An SRV record is intended to provide information on available services for systems, most commonly used with SIP configurations. SRV records have a unique system for naming: an underscore followed by the name of the service, followed by a period, an underscore, then the protocol, another dot, and then the name of the domain (automatically appended to the name field of the record). An example would be: _http._tcp.example.com. This would be the service record for web requests for the example.com domain.

Here are the steps on creating SRV records.

1. Select your Domain

A. Select Managed DNS
B. Select Domains from the dropdown

C. Select the domain you want to add an SRV record too.

2. Select SRV Record

Under the SRV Record section, click the (+) to add a record.

3. Enter Record Values

A. Name: SRV records have a unique system for naming. The naming system is an underscore followed by the name of the service, followed by a period, an underscore, then the protocol, another dot, and then the name of the domain (automatically appended to the name field of the record). An example would be: _http._tcp.example.com. would be the service record for web requests for the example.com domain.
B. TTL: Time to Live, measured in seconds, determines how long the record is cached in resolvers. For more information on best practices for TTLs, click here.
C. Disable Record: Information on the NX Domain feature can be found in the Disabling a Record tutorial.

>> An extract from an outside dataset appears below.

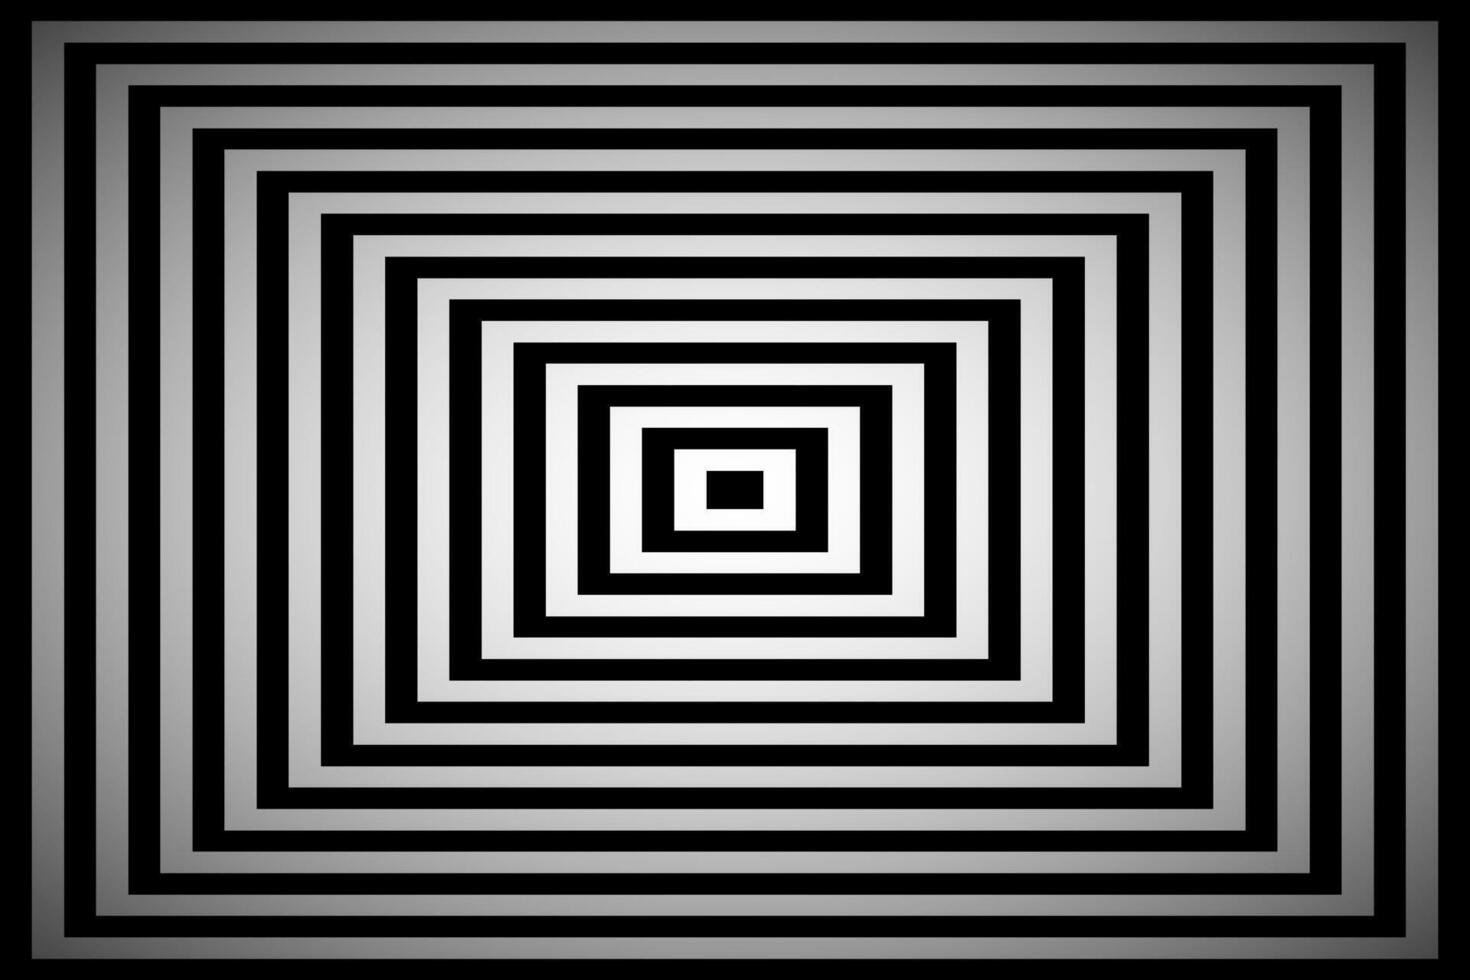 schwarz und Weiß Platz Illusion, einfach abstrakt Pyramide Hintergrund vektor

D. Priority: The priority functions in the same way as the MX Level does in MX Records. The lower the number in the priority field, the higher the preference of the associated target. 0 is the highest priority (lowest number).
E. Weight: The weight of the record allows an administrator to distribute load to multiple targets (load balance). It is used to determine relative capacity and load between two SRV fields within the same priority, hits will be assigned proportionately by weight. This can also allow the administrators to have a powerful and weak server and share the appropriate loads between those systems. 0 is the lowest load.
F. Port: The port of the service offered.
G. Host: The system that will receive the service.

H. Notes: Add a helpful note with keywords so you can search for your records later.
I. Save: Save your record changes and don’t forget to commit your changes after you’re done making record changes for this domain!